I am starting to learn about Lebesgue integrals, and my textbook introduces the integral first before moving on to measure.
The proof of the monotone convergence theorem (for $L_{inc}$, the set of $g(x)$ such that for some increasing sequence of step functions, $\phi_k(x)\to g(x)$ almost everywhere) starts by choosing, for each $f_n(x)$, some $\phi_{nk}(x)$. Does this not appeal to some version of the axiom of choice, especially since there are uncountably many choices for $\phi_{nk}$?
If it does, I am eager to learn whether this theorem can be proven without choice, and whether the above approach can be fixed to that end.
I don't see where the axiom of choice would be used.
For step functions you can always choose step functions which obtain rational values and have rational discontinuity points. Since the collection of all such functions is countable, you can fix an enumeration of them, and always choose the least one in the enumeration.

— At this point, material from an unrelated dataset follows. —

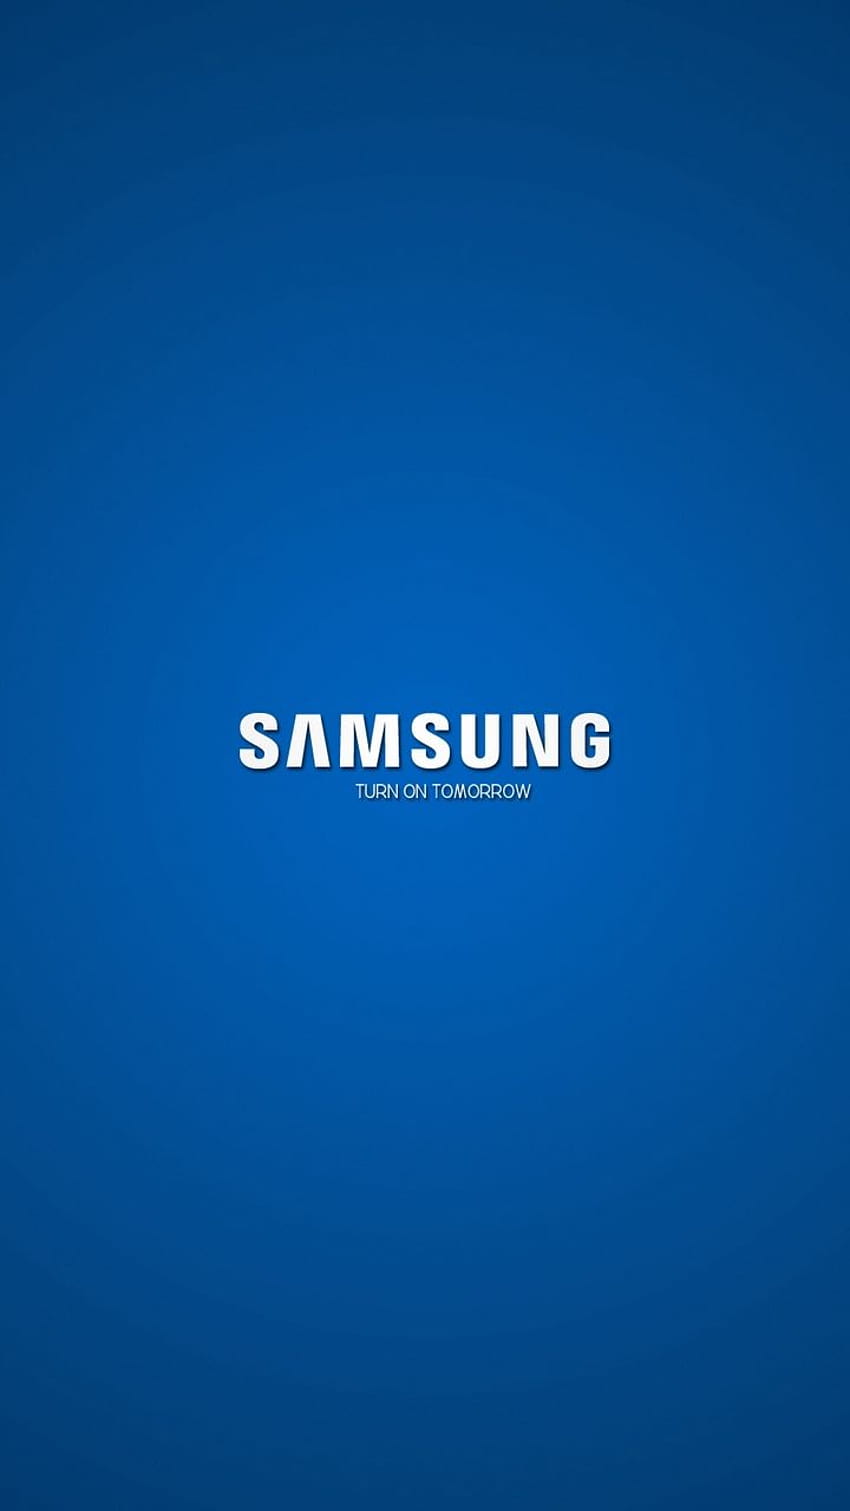 720x1280 samsung, perusahaan, logo, biru, putih, logo android 720x1280 wallpaper ponsel HD

But your question about "uncountably many" is naively understandable, but doesn't make much sense mathematically. You do not need choice to pick one element from an uncountable set; but you do need choice to pick a sequence of elements from a countable set of pairs. Choice is not affected, in general, from how many options you have to choose from, but rather how many choices you need to make.
And while it is true that here you might need infinitely many choices, we can still make them because there is an explicit countable collection which is "sufficiently rich". For the same reason, by the way, many statements in topology that need some form of choice, can still be proved for second countable or separable spaces.